With rents increasing and condos popping up like mushrooms all around us, Red Hook seems to be changing more and more rapidly. It probably feels this way because we have become accustomed to the landscape around us, the neighborhood that we know and love. But Red Hook has always been susceptible to change, and just as decisions and events are now influencing what the neighborhood will look like in the future, those that shaped it as we know it today were just as flexible and malleable, and anything but predetermined.
Ground broke for the construction of the Red Hook Houses on July 17, 1938, and the first residents moved into their new homes less than one year later. This was one of the earliest public housing projects in New York City, the New York City Housing Authority having only been established in 1934. However, even before NYCHA came into existence, Red Hook had been the suggested location for a public housing community proposed by Louis H. Pink, a member of the New York State Housing Board. Pink’s plan never came to fruition. But if it had, Red Hook would look much different today.
In February of 1933, Pink wrote an op-ed piece for the Brooklyn Daily Eagle, pointing out that there was a 40-acre tract of land in the southern part of Red Hook that could easily be developed into a modern public housing neighborhood.
The parcel Pink was referring to had been purchased by the city between 1913 and 1918 with the plans of creating a railroad depot that would act as a linkage between the various ports of manufacture and storage from Bay Ridge to the Wallabout.
Railroad depot never built
By 1933, the land wasn’t really vacant. Over the years, it had become the site of an unofficial dumping ground, referred to by locals as Tin Can Mountain. With the onset of the Great Depression, it also became a Hooverville, similar to those popping up all over the country at that time, with about 400 squatters in residence. The press referred to the area with terms such as “wasteland,” “auto morgue,” and “hobo jungle.”
Pink thought of the area somewhat differently. Where some saw nothing but corrugated shacks and rusted out cars, Pink saw fountains, parks, and brownstones.

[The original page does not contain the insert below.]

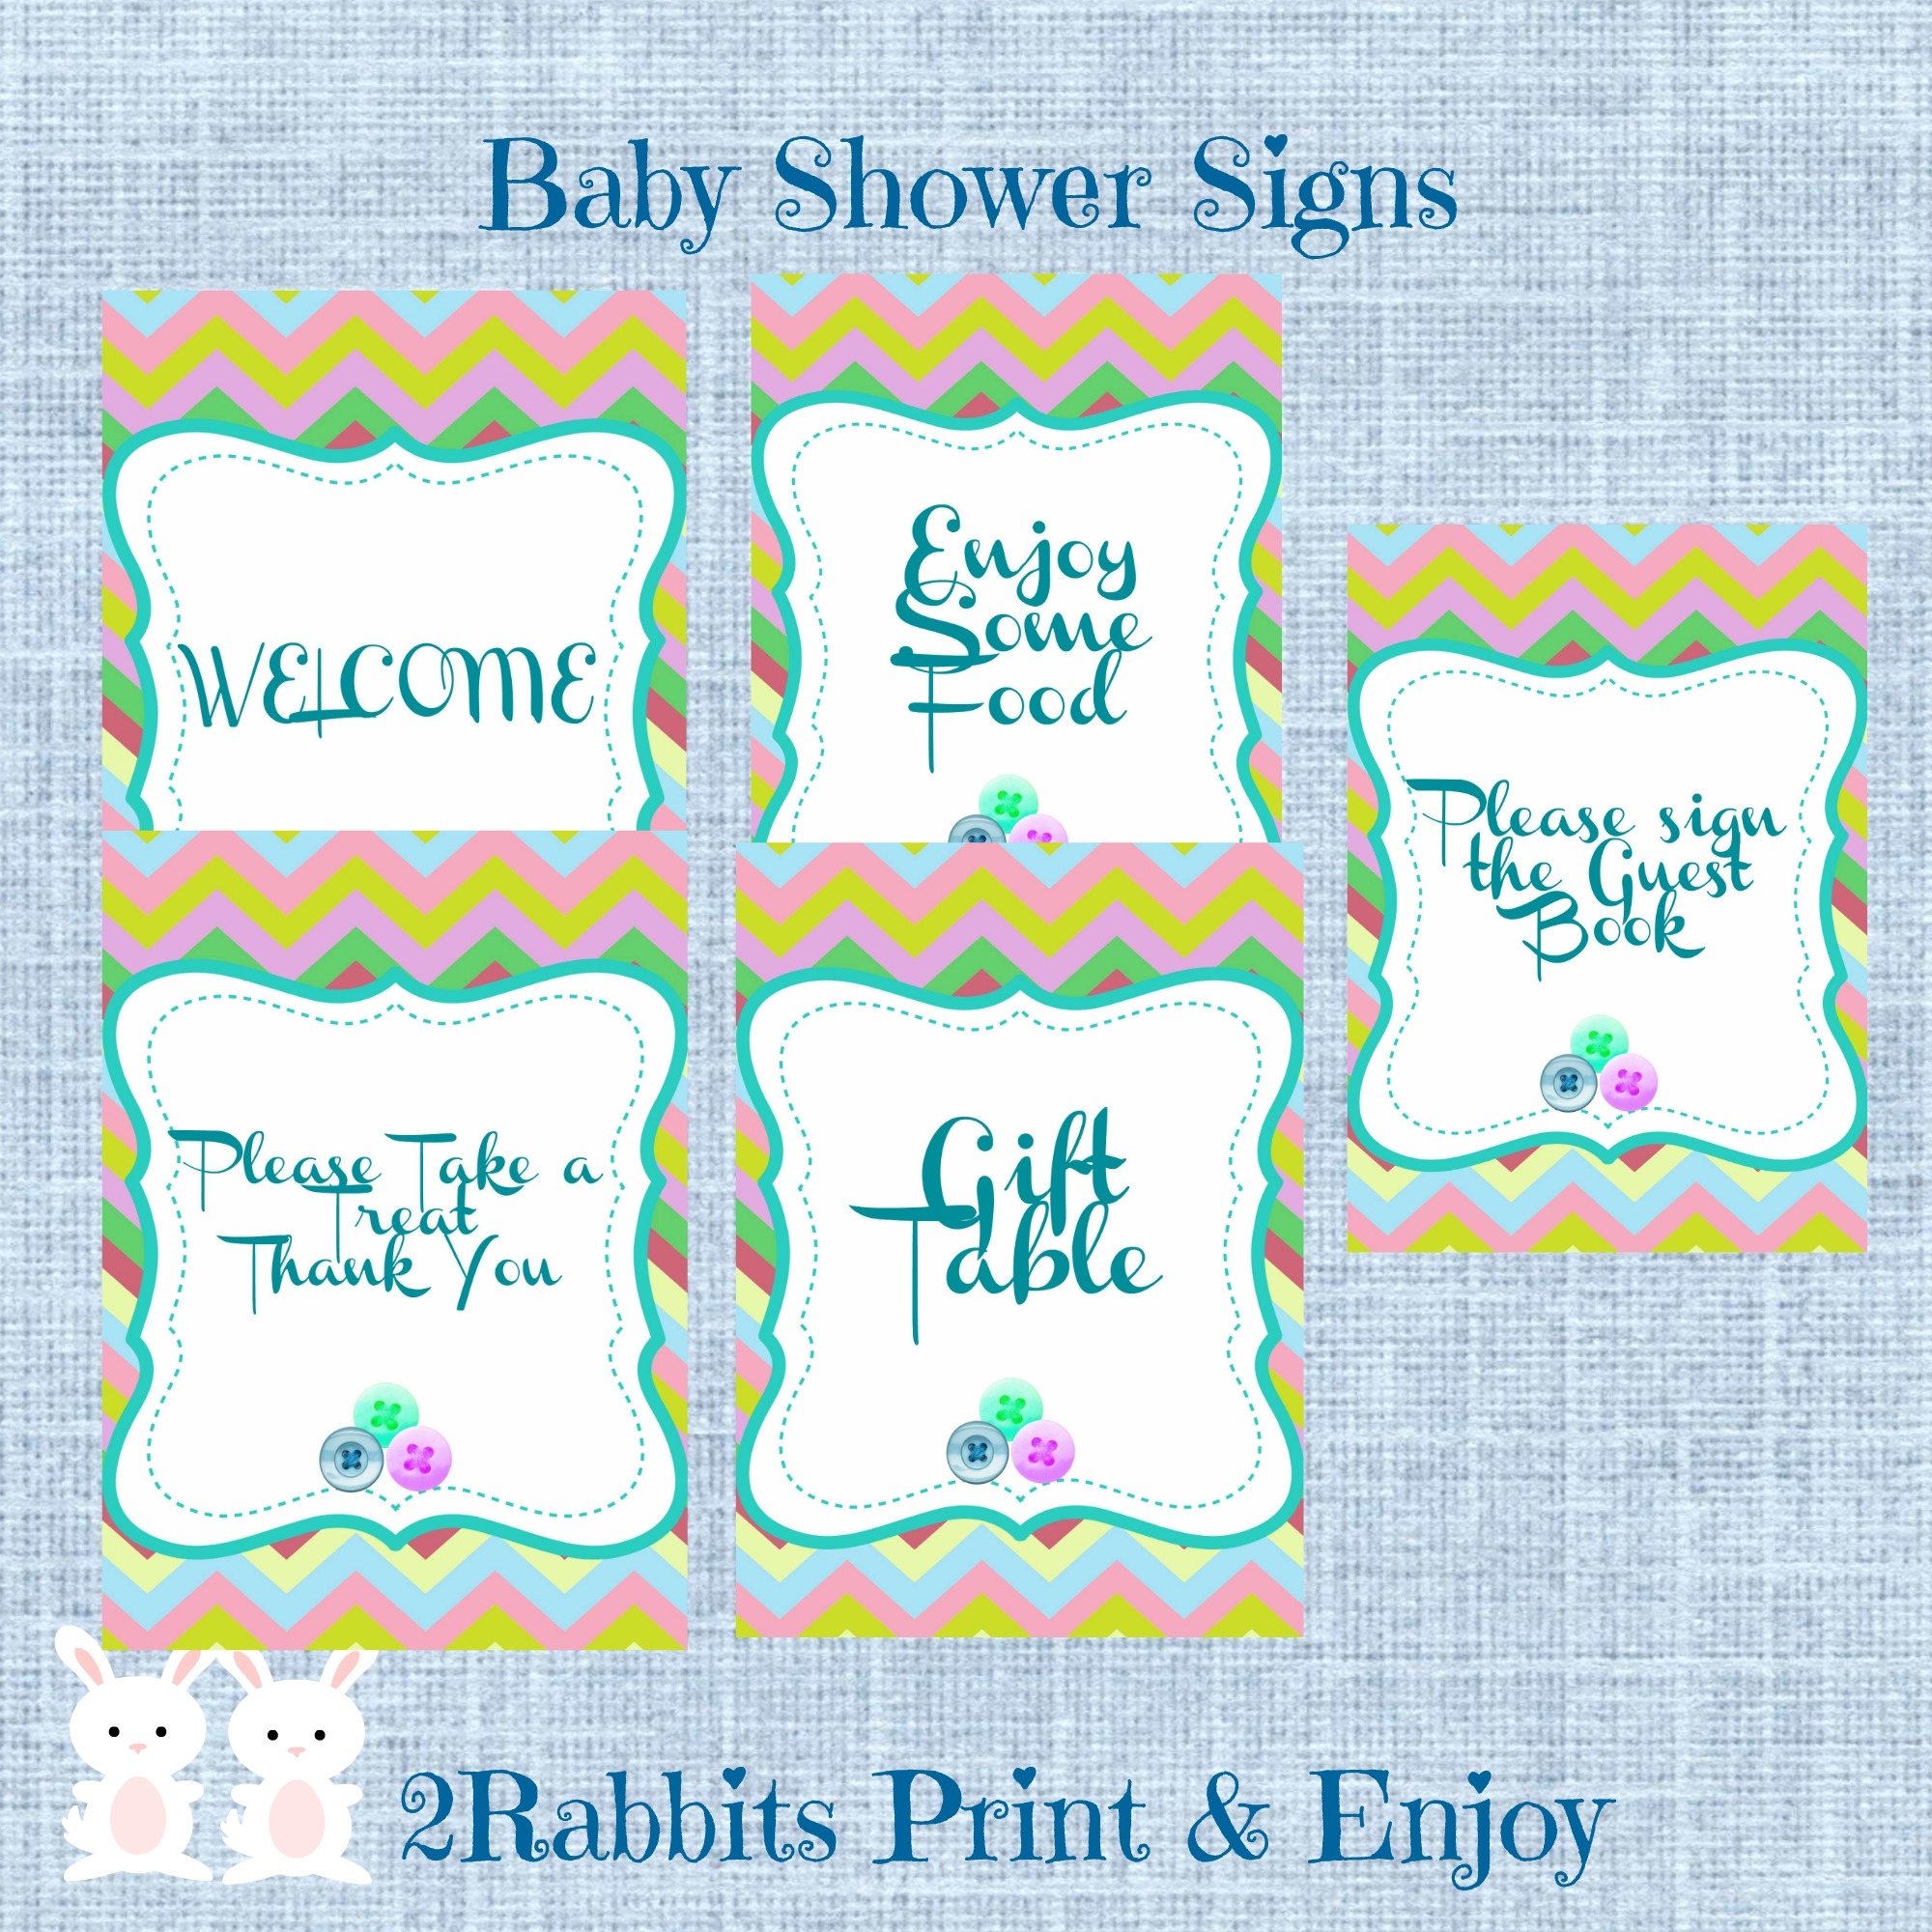 Cute As A Button Baby Shower Inspiration Board My Practical Baby Shower Guide - Free Printable Baby Shower Table Signs

Rather than the cookie cutter style of most public housing projects, Pink envisioned a more diverse style of architecture, mixing one and two family homes with apartment buildings of varying heights – some as high as nine or twelve stories and others as small as three or four. In the middle of it all would have been a public square and Main Street-type area with stores, a movie theater and a meeting hall/recreation center. Topping off his utopic vision was a fountain and sculpture garden, with statues made by local artists.
Of course, this was all just an unofficial suggestion before the New York City Housing Authority was even created. It must have hit a nerve however, because one year later when NYCHA was established, Red Hook was one of the first spots on Chairman Langdon Post’s list of possible development sites. At the same moment, however, New York City Parks Commissioner Robert Moses was also eyeballing Tin Can Mountain for a large scale recreation area.
An interesting tug of war ensued, but in the end, Moses won the battle for the land. The shanties were destroyed, the 400 residents told to find homes elsewhere, and in 1936 the Red Hook Pool and Ballfields opened on the very spot Pink had suggested for his unique housing community. While Post set his sights elsewhere in the city, a strip of the land was saved and set aside for the possibility of future use as a public housing site. Two years later, it would become a part of the location of the Red Hook Houses.
Had Pink’s initial proposal been put into action as it was first presented, the Red Hook we know today would be a very different place to walk around. Of course, if it had been put into action, we would probably now be wondering what Red Hook would have been like if Robert Moses had been able to put in those proposed ballfields and public pool.
Our modern landscape is the cumulative result of many people’s past actions and we live with the legacy of decisions made by men and women who have long since passed from our midst. As Red Hook continues to transform and evolve with growing rapidity, let us try to consider what our legacy will be and how our actions will be reflected in the neighborhood, the city, and the world we will inevitably leave behind.